Fassar smiled serenely.

Well, he hadn't been able to meet them at launch or just before, but he could still demand a sacrifice.

Standing fearlessly before the fleet, he mentally reached out toward the water, and found it willing - as always. He _was_ the water, after all; he was the water of all of Nisdharil. And he followed his own will, always. Unless he didn't want to.

Oh, but he could wait for them to get farther from shore... yes, that sounded like a good idea. If they refused to sacrifice anything, anyway. There were a variety of sacrifices they could make (most involving death of one of their own, preferably by drowning), and he didn't care which.

It was just a sign of respect for the ocean, after all.

Fassar raised a hand, continuing to walk forward. The water before the fleet, and under the first few ships, stirred ominously, warning them of his presence. It would be difficult to project his voice toward them in this form, so to make his demands he'd have to actually get on one of their ships.

Though it wouldn't be too hard to figure out, he'd think. Drown, perhaps, one of their members per ship should do it, if they wanted the extra help of a calm journey throughout, but just tossing a few of their collective number overboard would mean he'd just leave them be. Most seaside communities of any size knew to make sacrifices, because he personally visited them quite often. If somehow they didn't, well, he'd just have to teach them, right?


----------



## Zeph (Nov 9, 2008)

"Sinister Hak,"

Hak turned to find himself face-to-face with a member of the ship's crew.

"What is it," he snapped, scowling at the young Goblin.

"From what we can observe, the waters are getting rather... choppy around the fleet, but nowhere else."

"And?"

"We suspect a Spirit is threatening us-"

"Preposterous. Spirits don't exist, you fool!"

"Sinister Hak, I-"

"_Silence!_ How _dare_ you interrupt me, boy?"

"I - please accept my deepest apologies, your Sinisterness -"

"Oh, yes, you should be sorry, fool."

And with that he grabbed the Goblin by the neck and slammed it down onto the ship's railing.

"Great Frawesros, accept this child as a sacrifice, and give me good fortune for this journey," he whispered through gritted teeth, and let go of the sailor's neck, pushing its legs upwards so that it tumbled overboard, barely alive after Hak's strangling grasp.


----------



## Blastoise Fortooate (Nov 9, 2008)

Mark was out looking for food.

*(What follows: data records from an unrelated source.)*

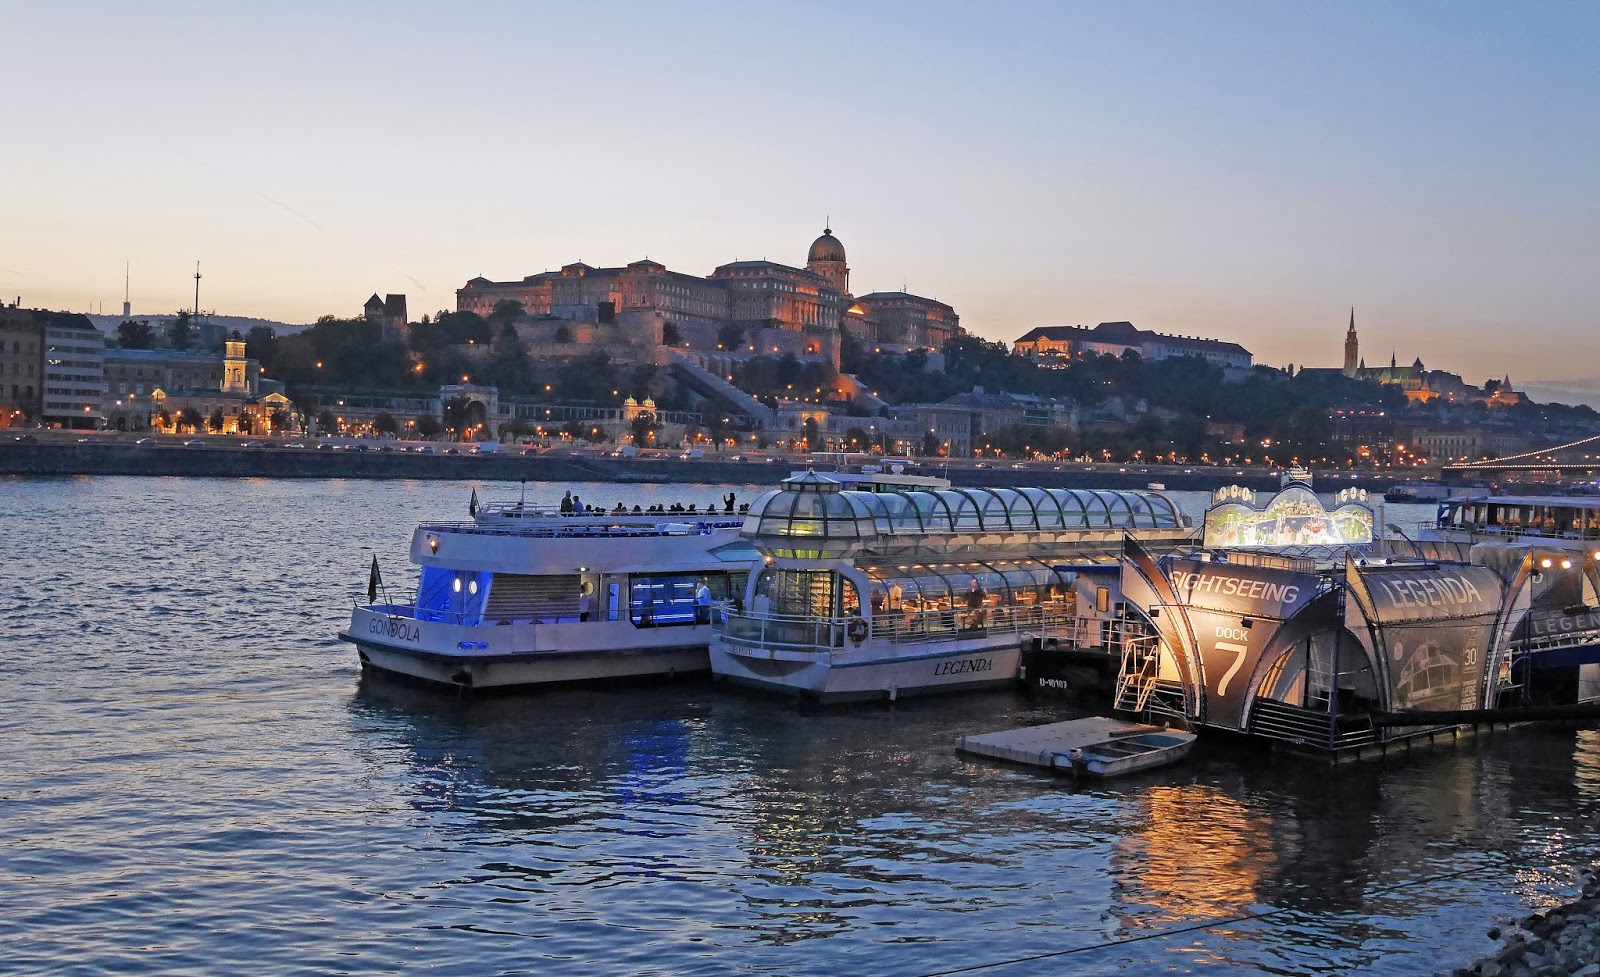 The boat dock for Legenda Cruises on the Danube, Budapest
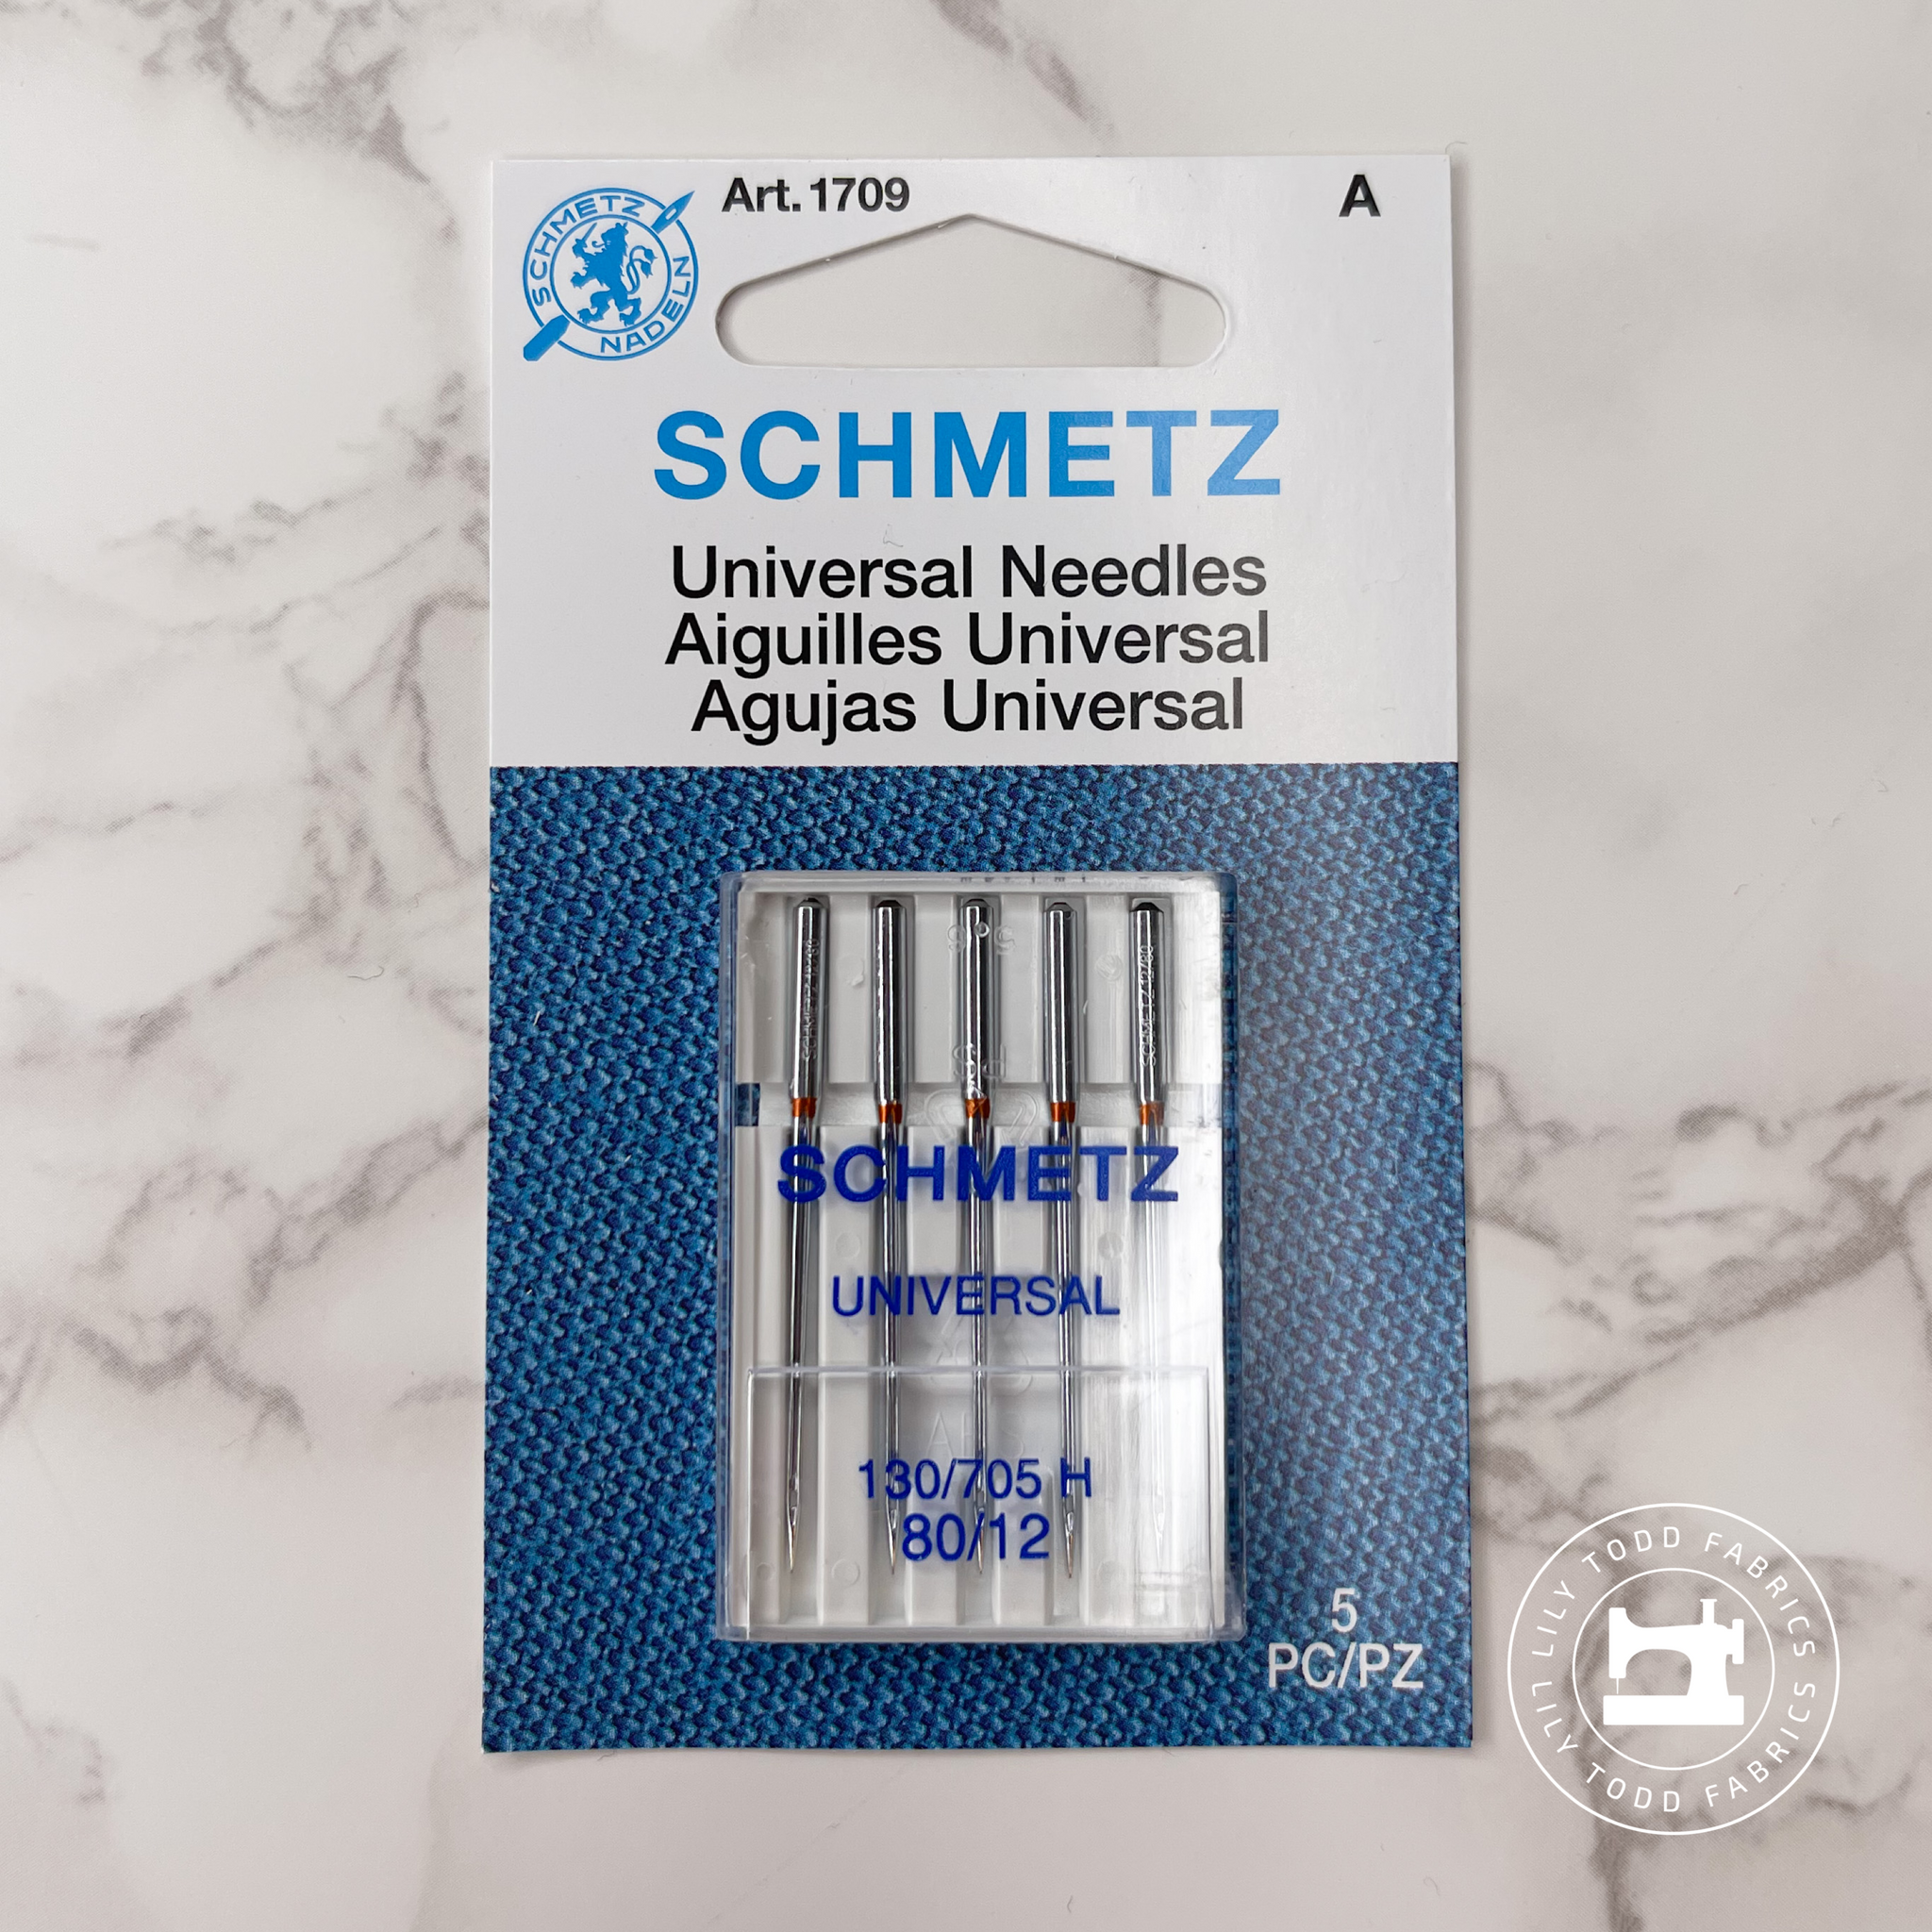 Schmetz Universal Machine Needles - Size 80/12
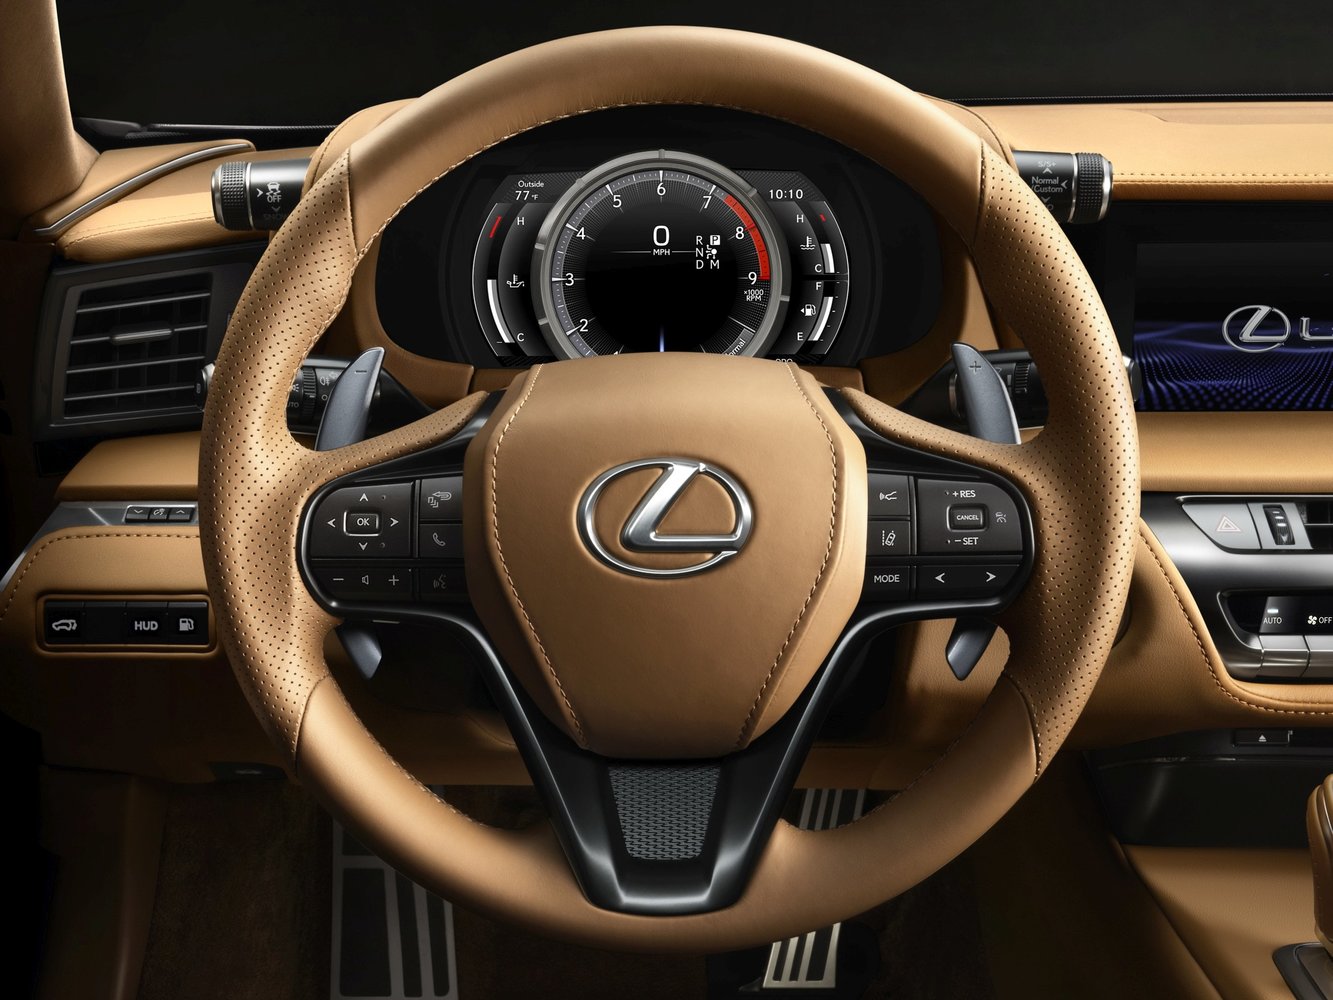 купе Lexus LC 2016г выпуска модификация 5.0 AT (467 л.с.)
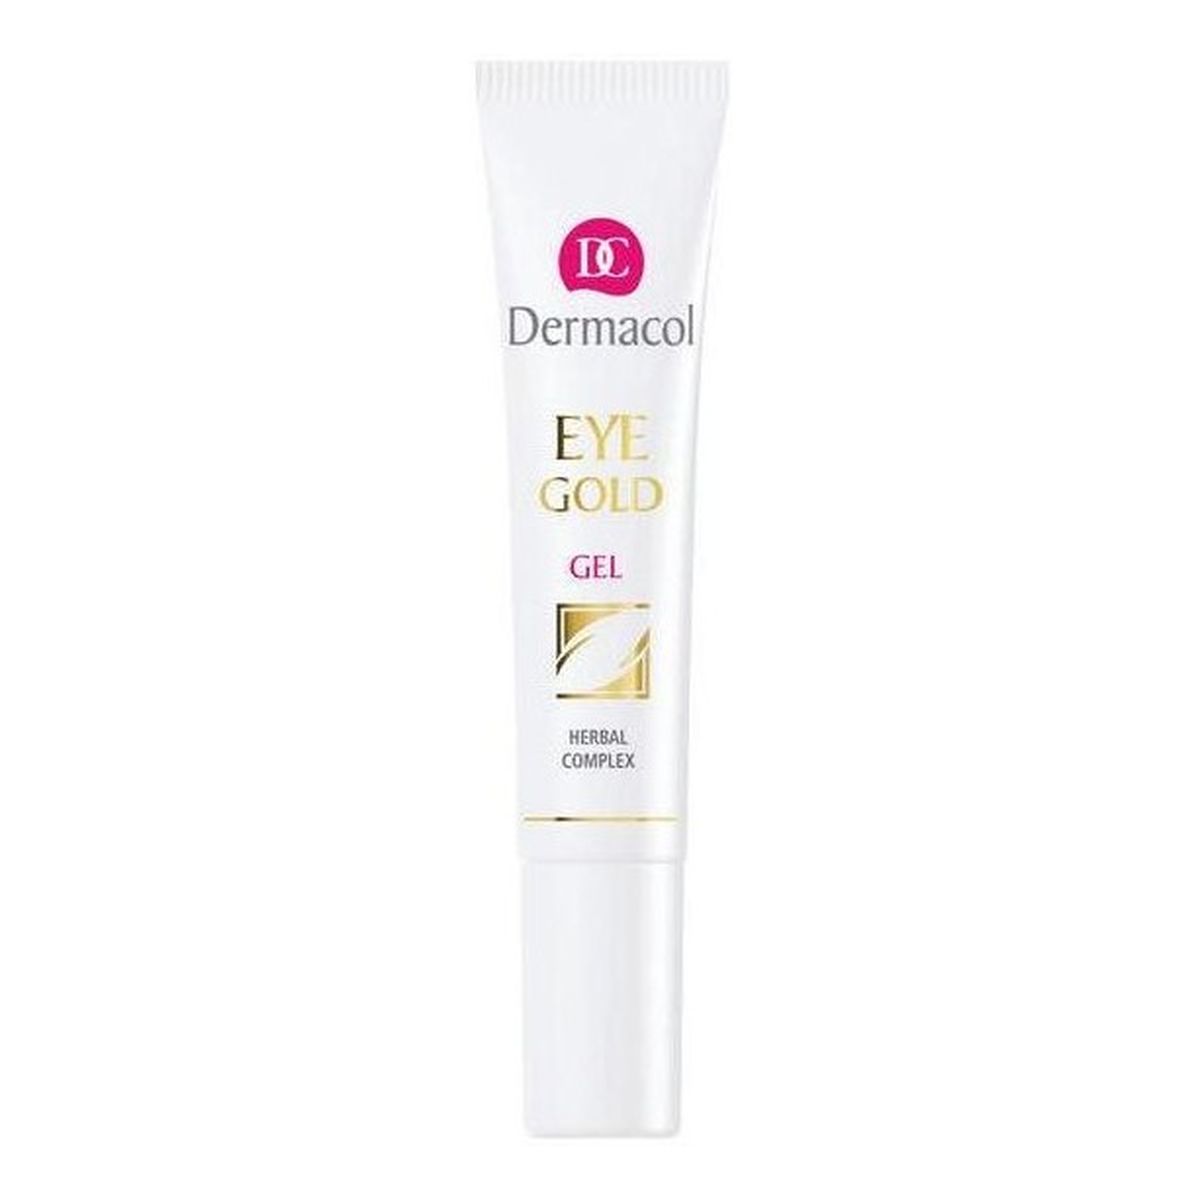 Dermacol Refreshing Eye Gold Odświeżający żel redukujący cienie pod oczami 15ml

Of course, he could always just go to the nearby town and buy food, and this is what he planned to do if he didn't find anything, but he enjoyed foraging anyway. He spotted a tree with a several orange, round fruits with a couple of red splotches. He cut down many of the fruits using Magic, and put all but one in his pack. He peeled away some of the skin and took a bite. It was sweet and ripe, and Mark was glad he had picked it. He walked along, grabbing nuts and assorted berries, until he came to a cliff overlooking the sea. Mark squinted across the water, and saw a number of large smudges. Muttering a few words, he released the Magic, using his new staff as an outlet, and an image formed in his mind's eye. It was somewhat murky, but Mark was able to make out, to his dismay, several large, armed ships filled to the brim with Goblins. Shocked, he dropped his half-eaten fruit and ran, heading towards the nearest town


----------



## allitersonance (Nov 9, 2008)

Fassar, now kneeling on the water with his eyes closed, felt some living being fall into the ocean. It seemed that they had gotten the message after all, but... only one? Well, it would do. The sacrifice plunged deeper into the water, finding himself unable to swim or float or do anything at all but flail weakly until he died.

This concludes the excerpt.